Given information >>
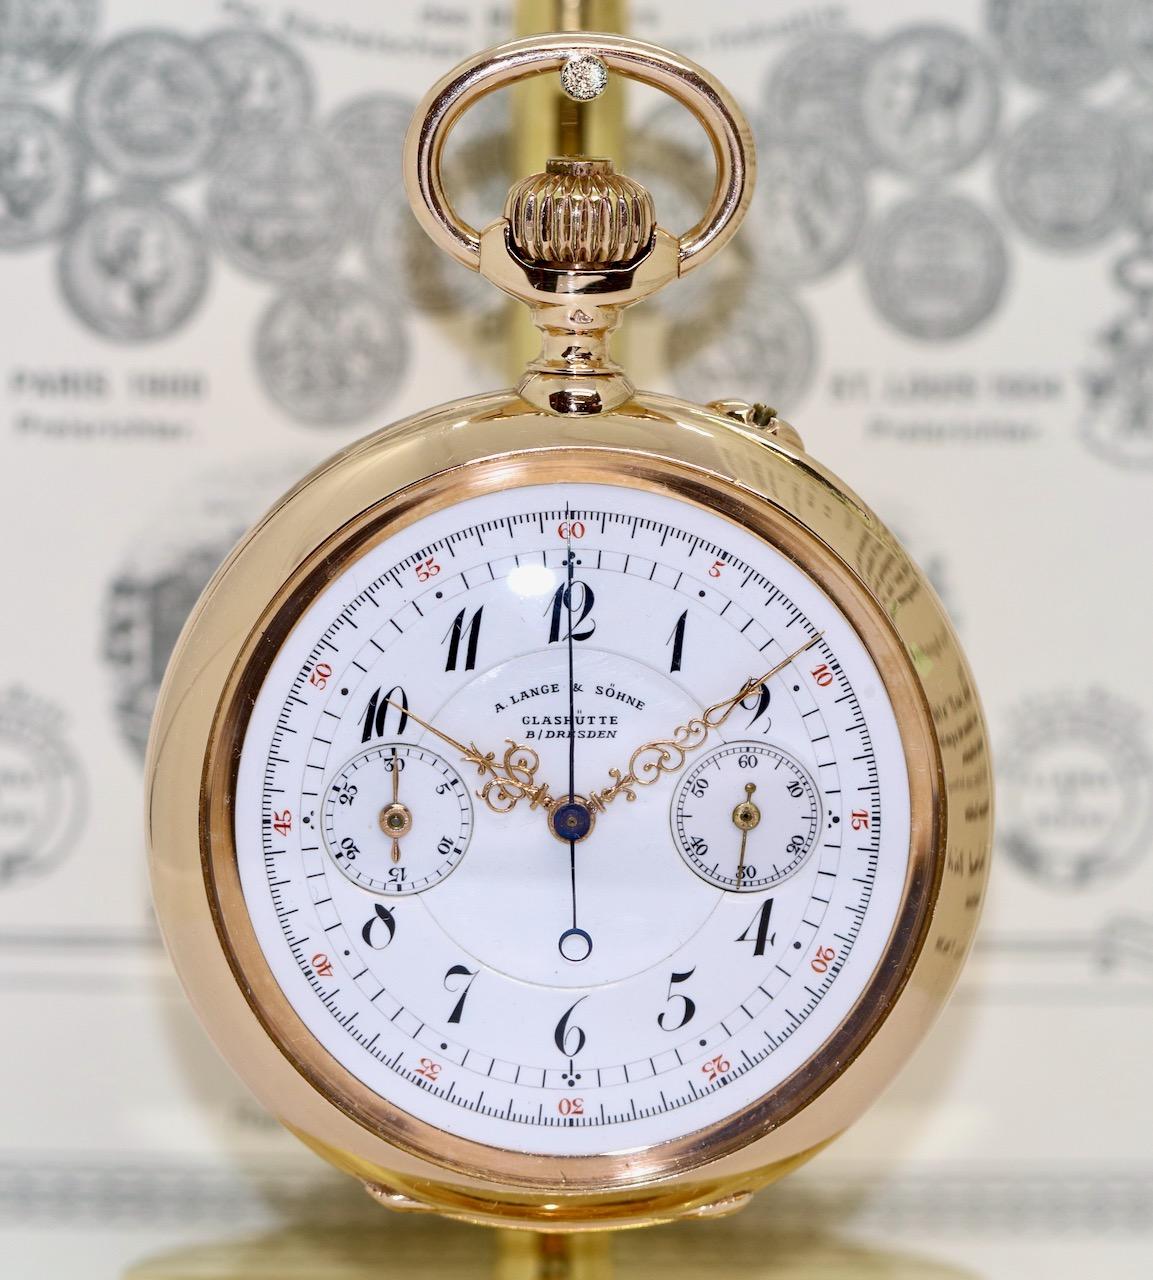 Diese exquisite und seltene Taschenuhr von A. Lange & Söhne stellt eine außergewöhnliche Kombination aus historischer Handwerkskunst und zeitloser Eleganz dar. Sie wurde um 1898 hergestellt und verkörpert die hohe Kunst der sächsischen
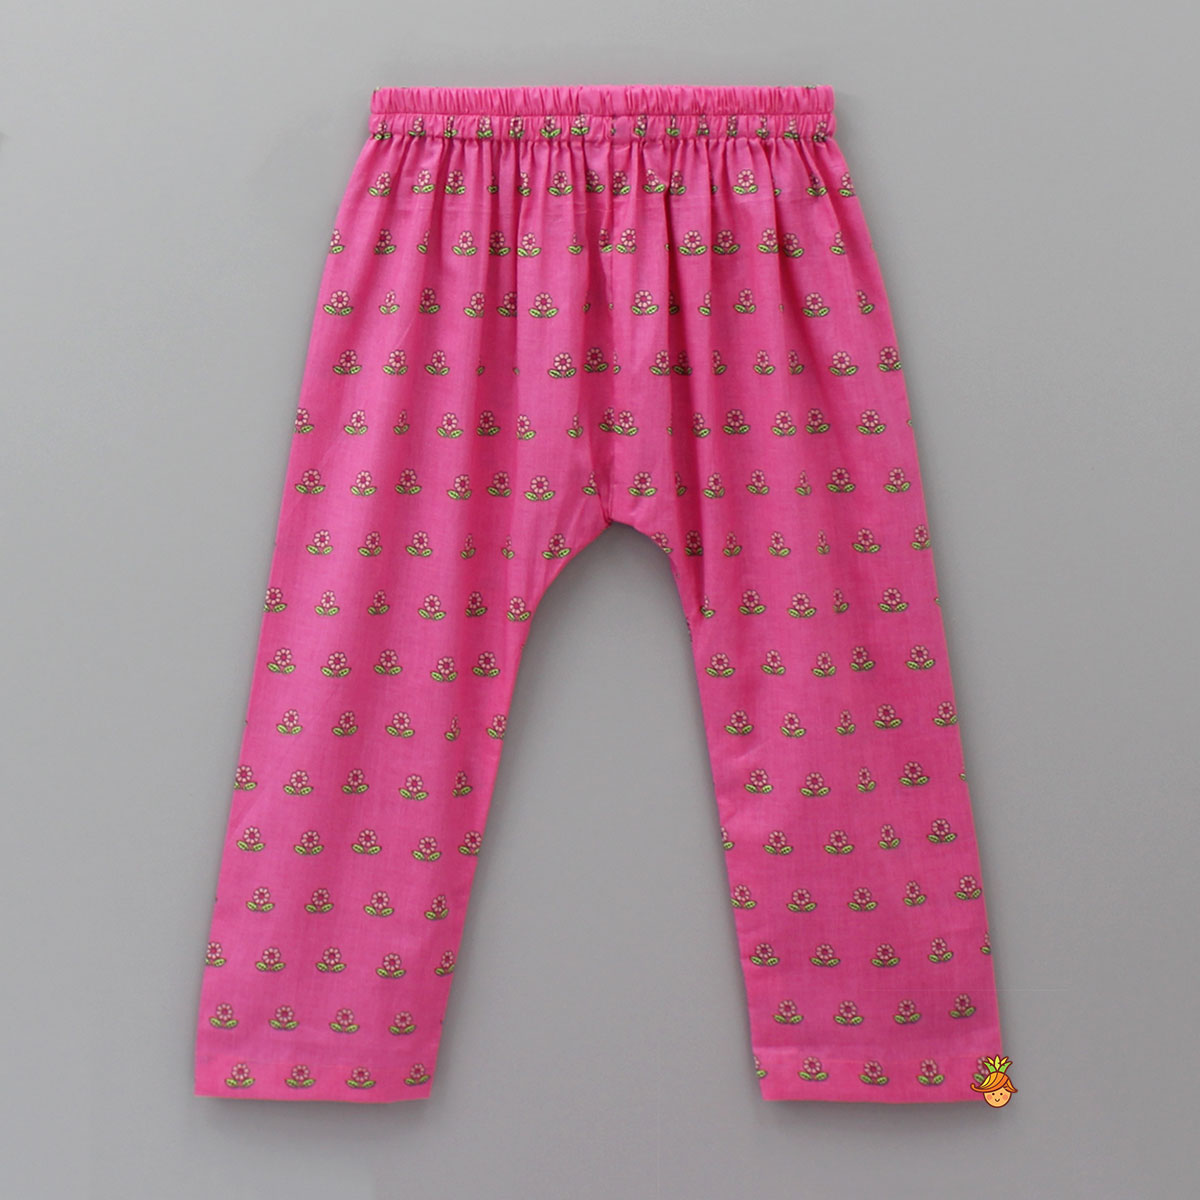 Floral Printed Pink Sleepwear
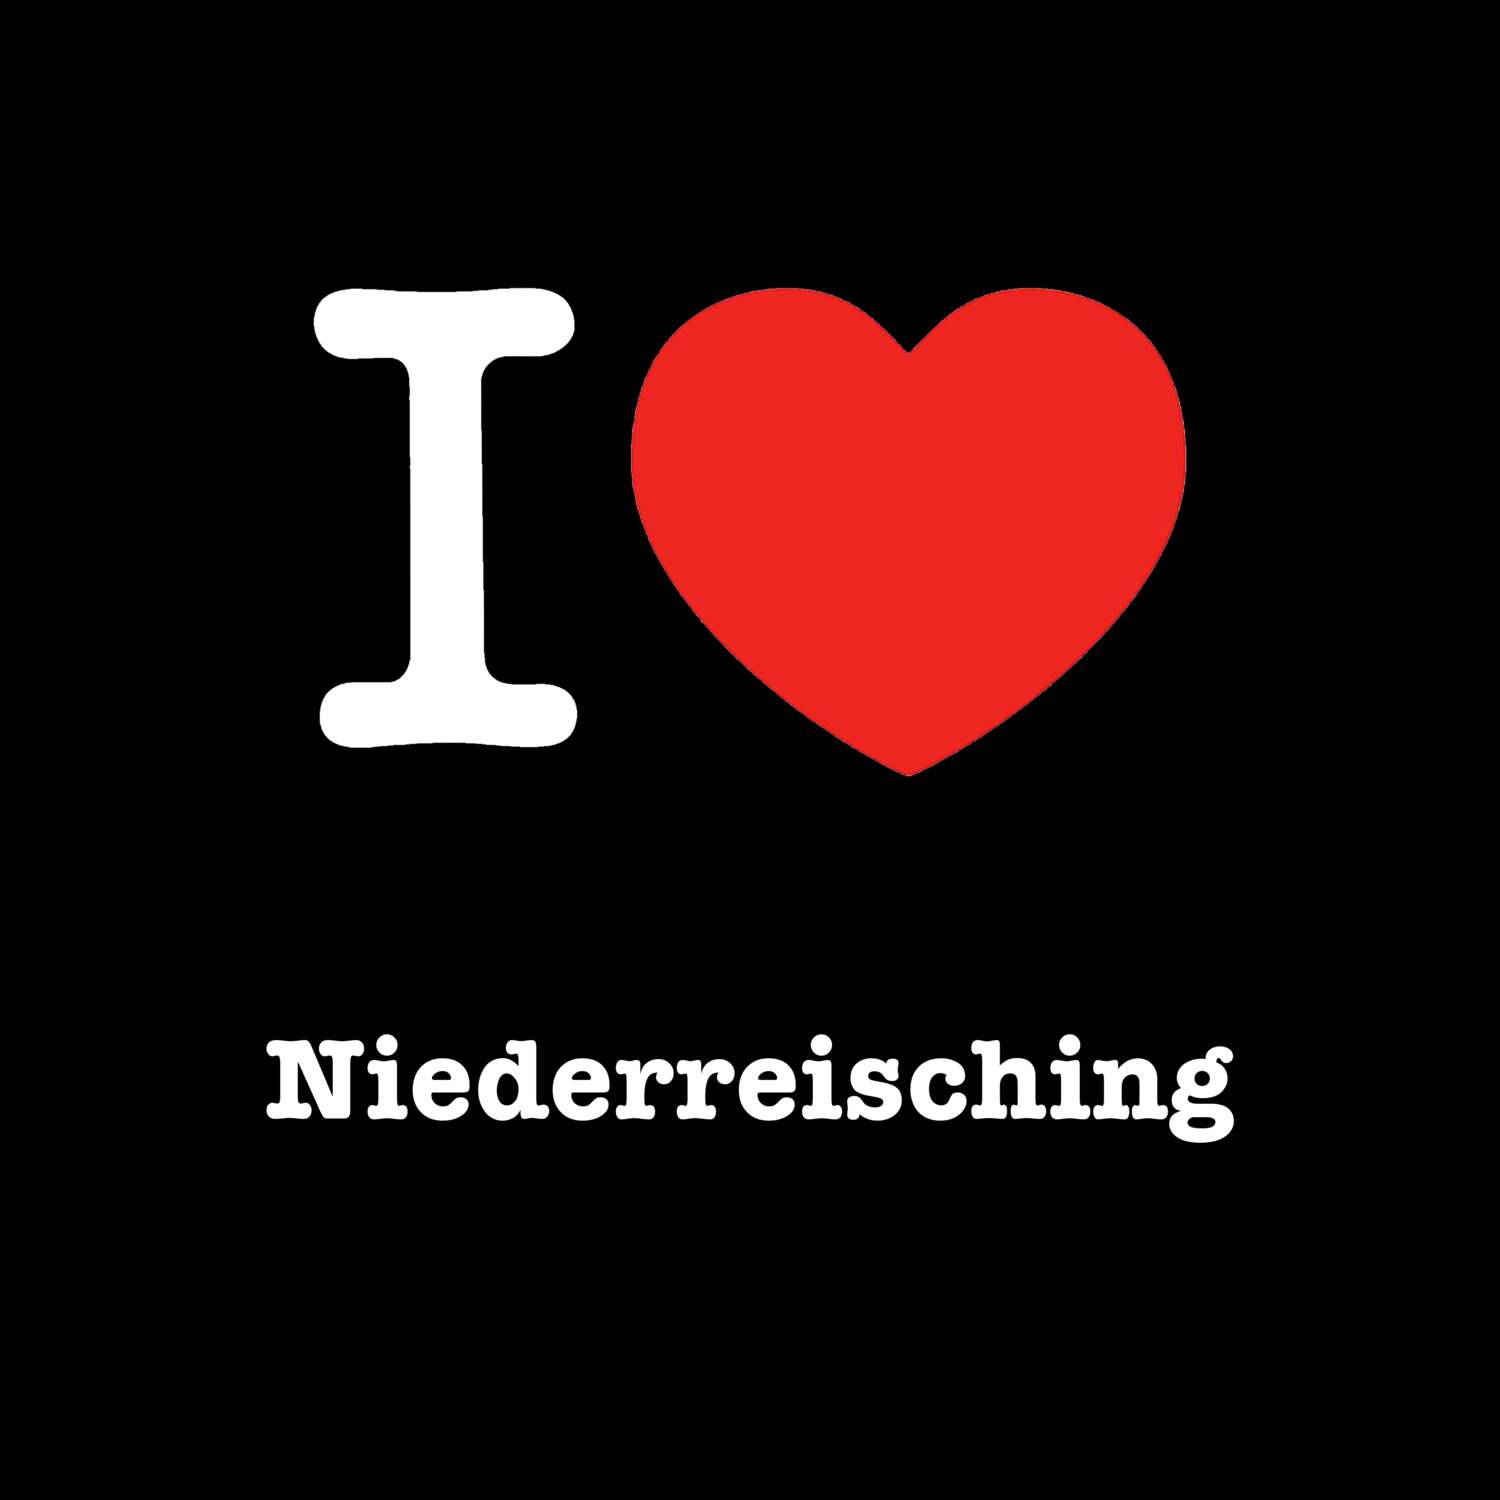 Niederreisching T-Shirt »I love«

Requirement >>
Word for word, repeat the data above with the pictures left out.

Response to this exercise >>
 Diese exquisite und seltene Taschenuhr von A. Lange & Söhne stellt eine außergewöhnliche Kombination aus historischer Handwerkskunst und zeitloser Eleganz dar. Sie wurde um 1898 hergestellt und verkörpert die hohe Kunst der sächsischen
 Floral Printed Pink Sleepwear
 Niederreisching T-Shirt »I love«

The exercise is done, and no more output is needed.